Sophomore <b>Chris Daniels</b> has become one of Georgia's leaders on the hardcourt.

ATHENS, Ga. ----- It didn't matter that Chris Daniels started only seven games as a freshman.

As a sophomore, Daniels was told from the first day of practice by Georgia coach Jim Harrick that he would have to play a lead role for the Bulldogs as one of the team's few true inside players.

Even Harrick is surprised that 14 games into the season he calls Daniels his most reliable player.

"Often times I say this guy has been our best player or this guy has been our best player, but every guy I've talked about has been inconsistent except Chris Daniels,'' Harrick said Monday as Georgia prepared for Wednesday night's game at No. 8 Kentucky.

Georgia's best-known players are Ezra Williams and Jarvis Hayes, who play the wing positions and have the top scoring averages for the Bulldogs (12-2 overall, 1-0 in the Southeastern Conference).

But Daniels, who matched his career high with 21 points in Saturday's 82-69 win over Vanderbilt, has been a surprisingly solid scorer with his average of 12.9 points per game.

Daniels is not asked to take the scoring lead every game, but he leads consistently in many other ways.

Daniels, an Albany, Ga., native, paces Georgia in rebounds (7.4), blocked shots (22, including four Saturday), steals (32, including three Saturday) and field goal percentage (57.1).

In Harrick's opinion, however, nothing is more important than Daniels' defense.

"The defense comes first,'' Harrick said. "Then he just does everything: rebounds, assists, blocked shots, steals.
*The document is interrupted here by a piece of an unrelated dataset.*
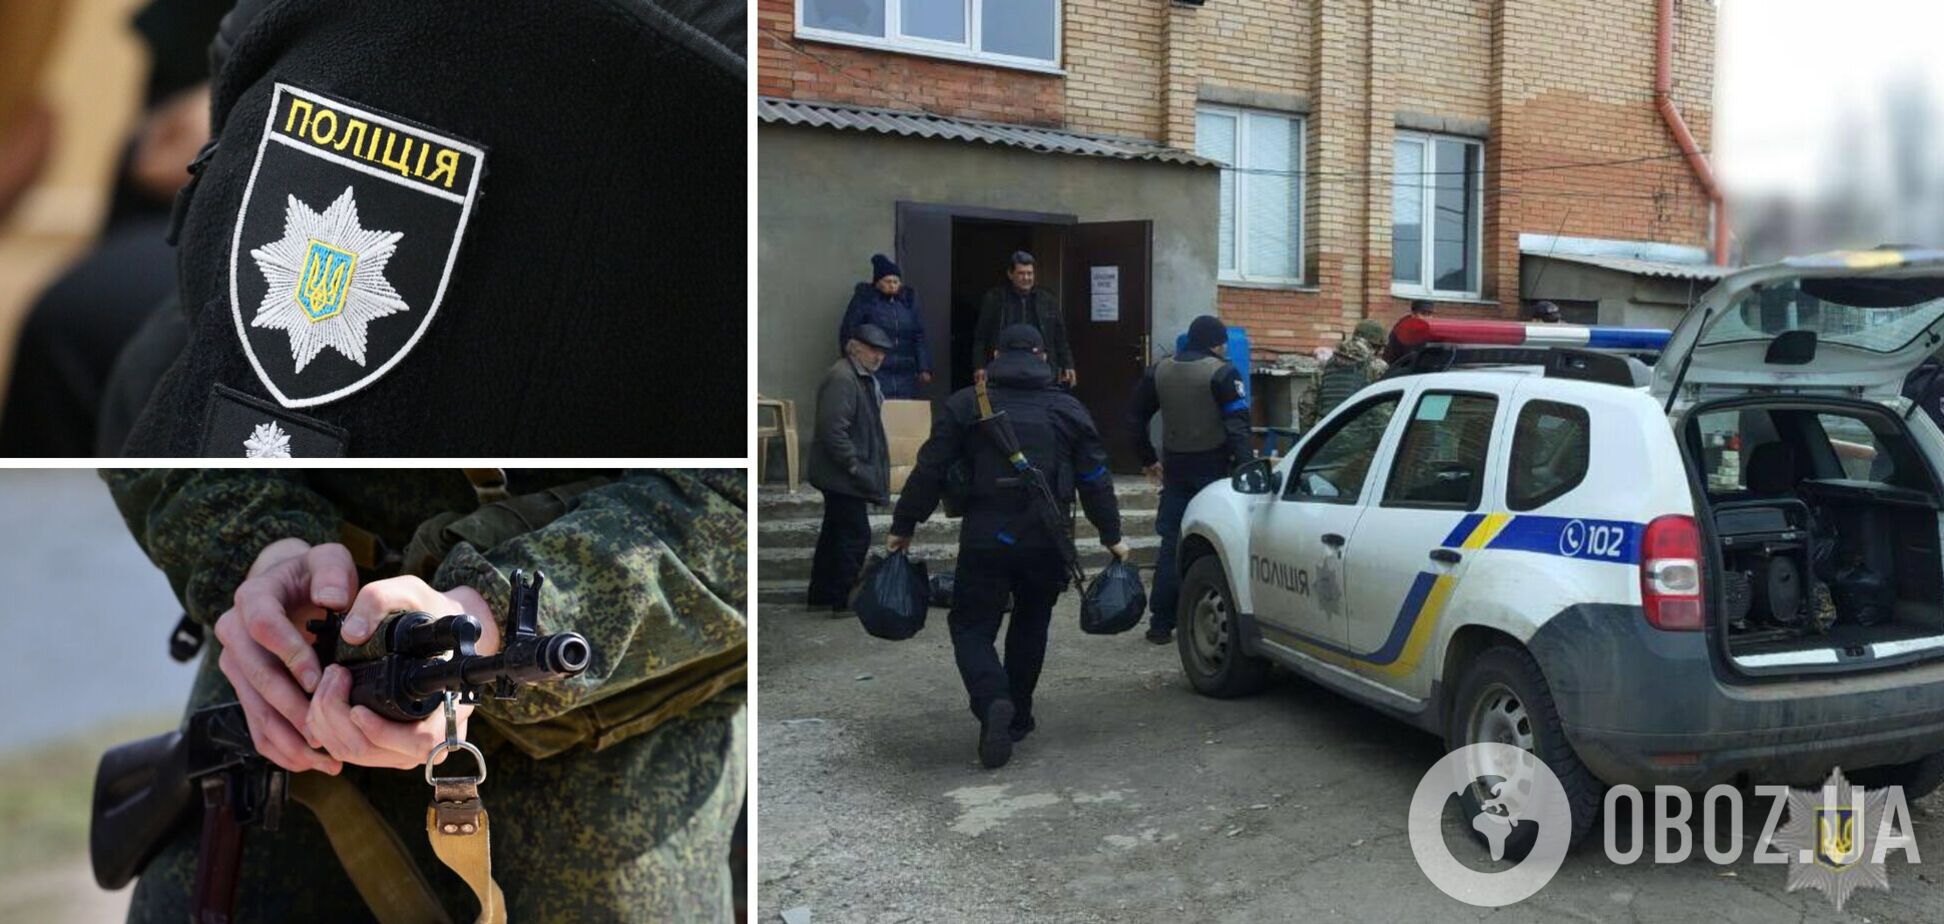 Солдати РФ завадили поліції доставити гумдопомогу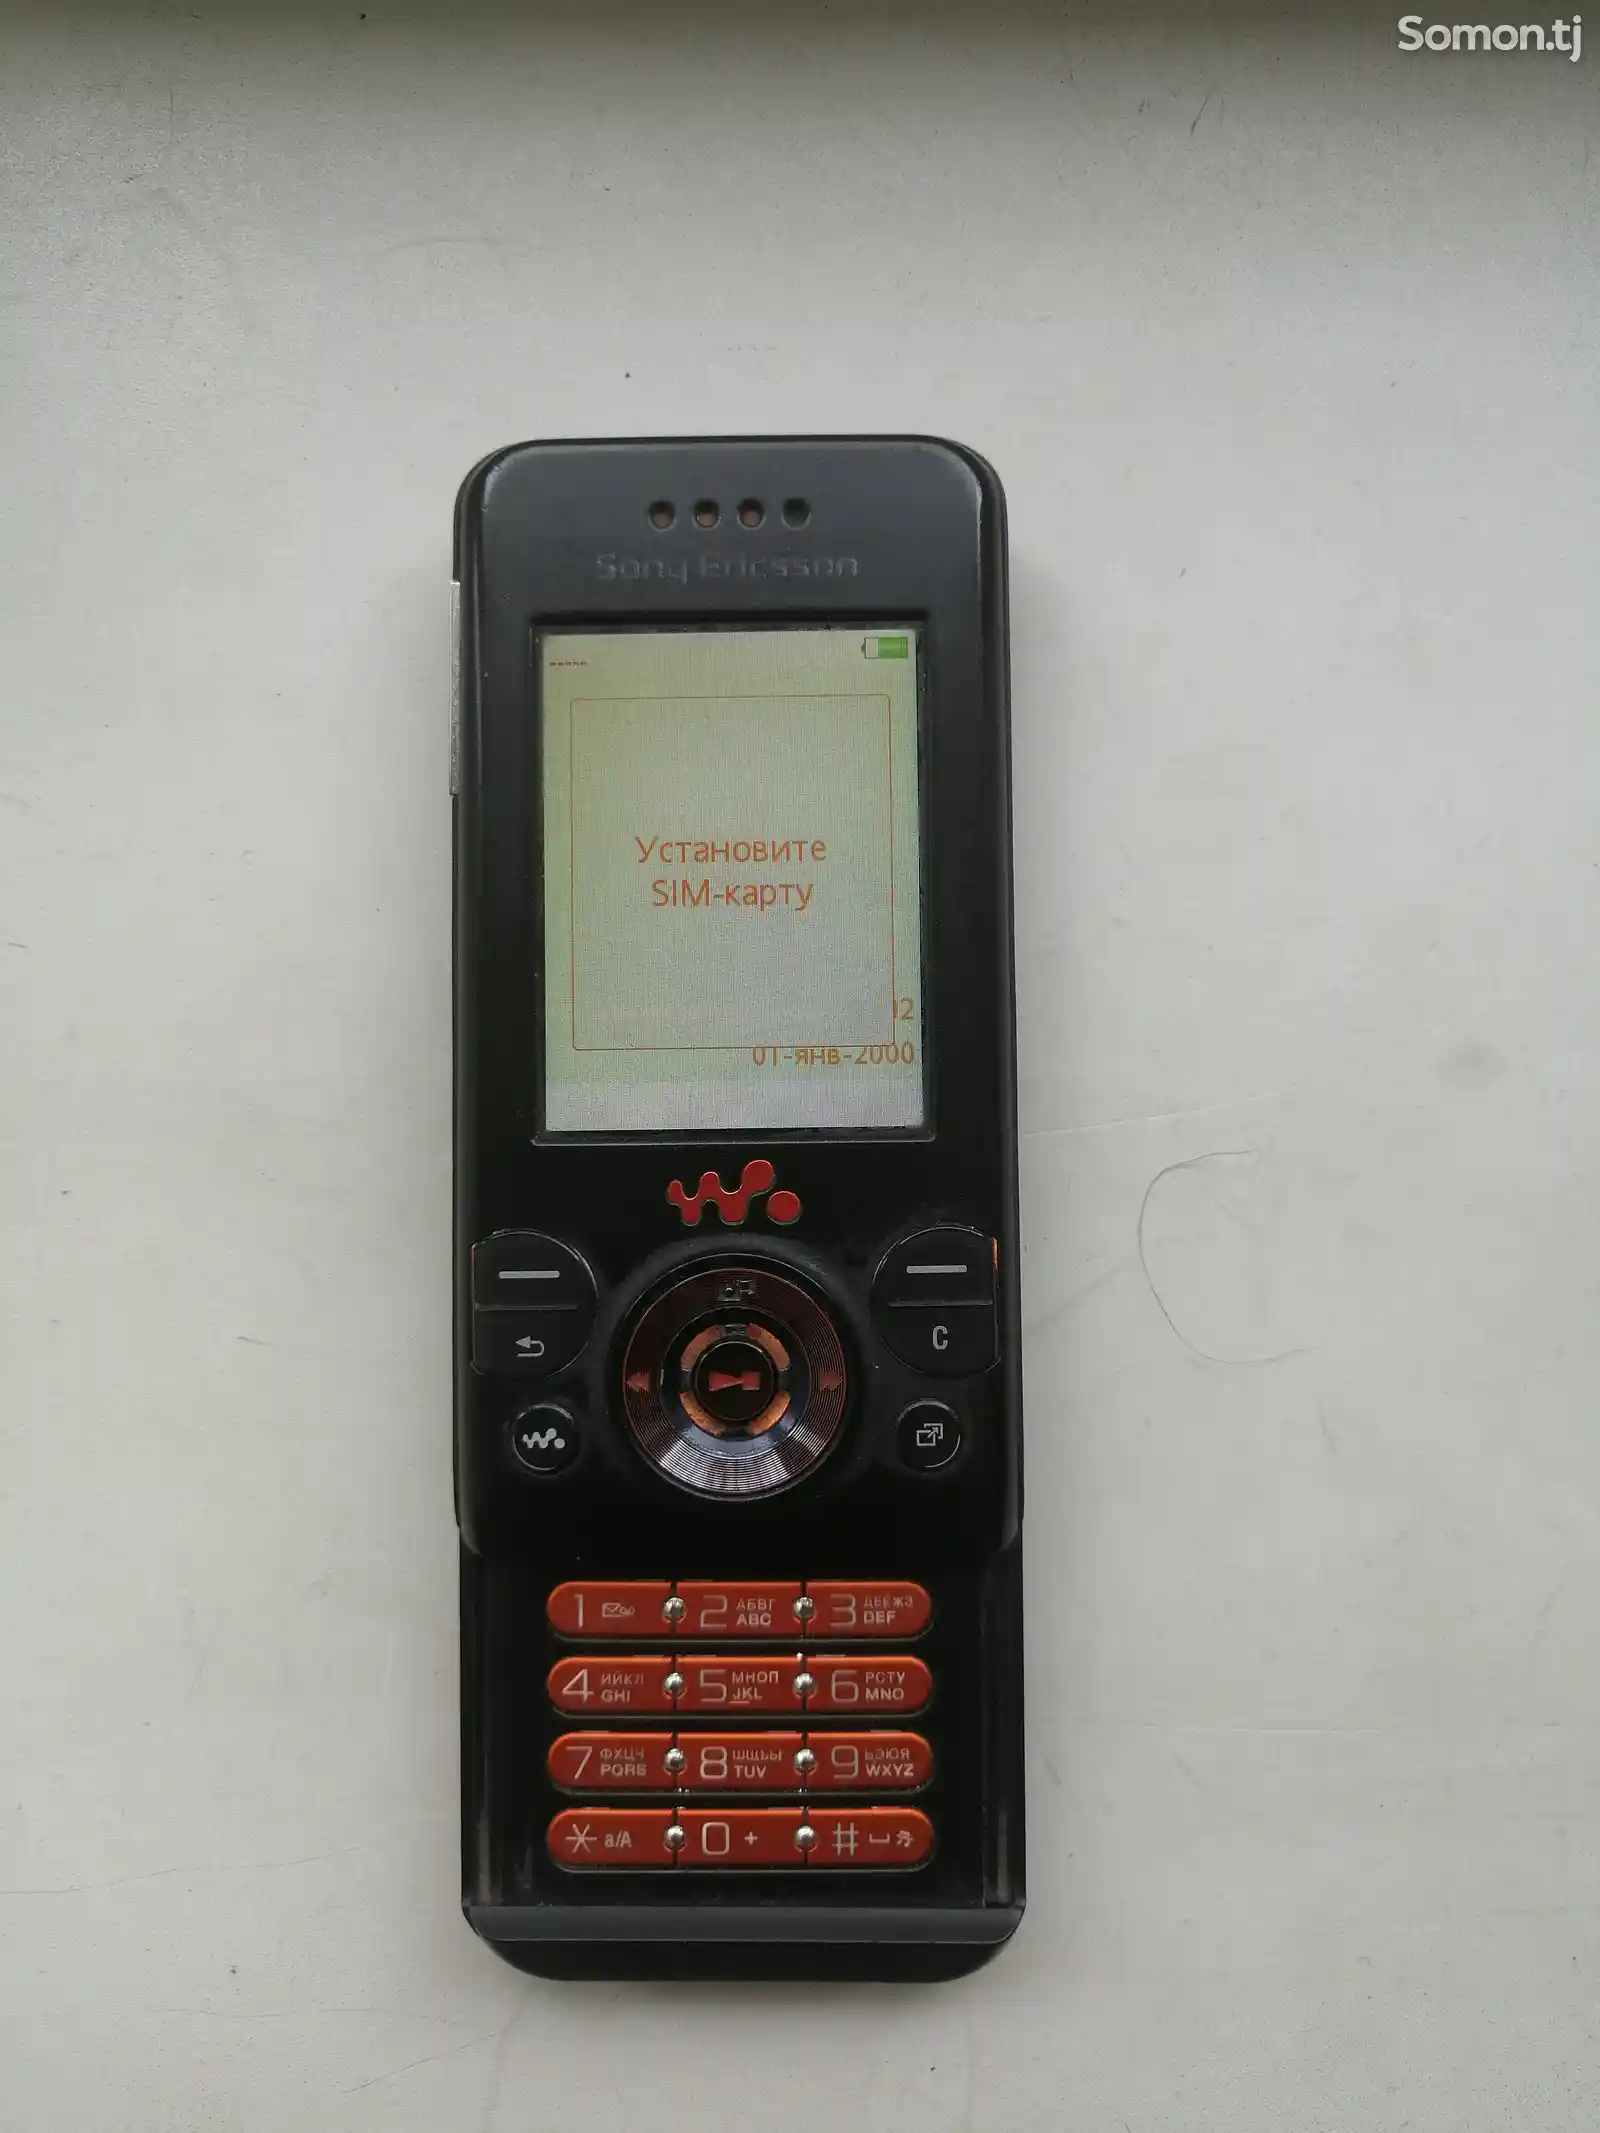 Sony Ericsson W580i-1

He's tough. He knocks down the open jump shots. He makes the foul shots. He's probably our toughest player.''

At 6-foot-7 and 210 pounds, Daniels has become Georgia's defensive stopper, regularly assigned to the other team's top scorer. He held Vanderbilt's Matt Freije to 12 points Saturday and will be assigned to Kentucky's Tayshaun Prince Wednesday night.

"(Daniels) locked (Freije) up I thought and that's the key to beating Vanderbilt,'' Harrick said. "He's done that with just about every guy we've put him on, big guy, little guy, in the post, whatever.''

Said Daniels: "Some nights your shot can be off, but you can always play hard on defense.

"You have to take pride in being able to stop your man one on one, especially the type players you face every day in the SEC.''

Daniels averaged 23.3 points and 10.8 rebounds as a senior at Monroe High in Albany and was rated one of the state's 10 best players. Playing behind seniors Shon Coleman and Anthony Evans last year, Daniels averaged only 11 minutes per game but began to show late in the season that he might be a starter this year.

Playing only in the final 11 minutes of a Feb. 21 game against Tennessee, Daniels scored 12 points with five rebounds. He also began to show he could be a defensive stopper.

Still, the 12 points against the Vols marked his only game of the season in double figures. It was hard to project he could be such a consistent producer this season, where he has been in double figures in eight of his last nine games.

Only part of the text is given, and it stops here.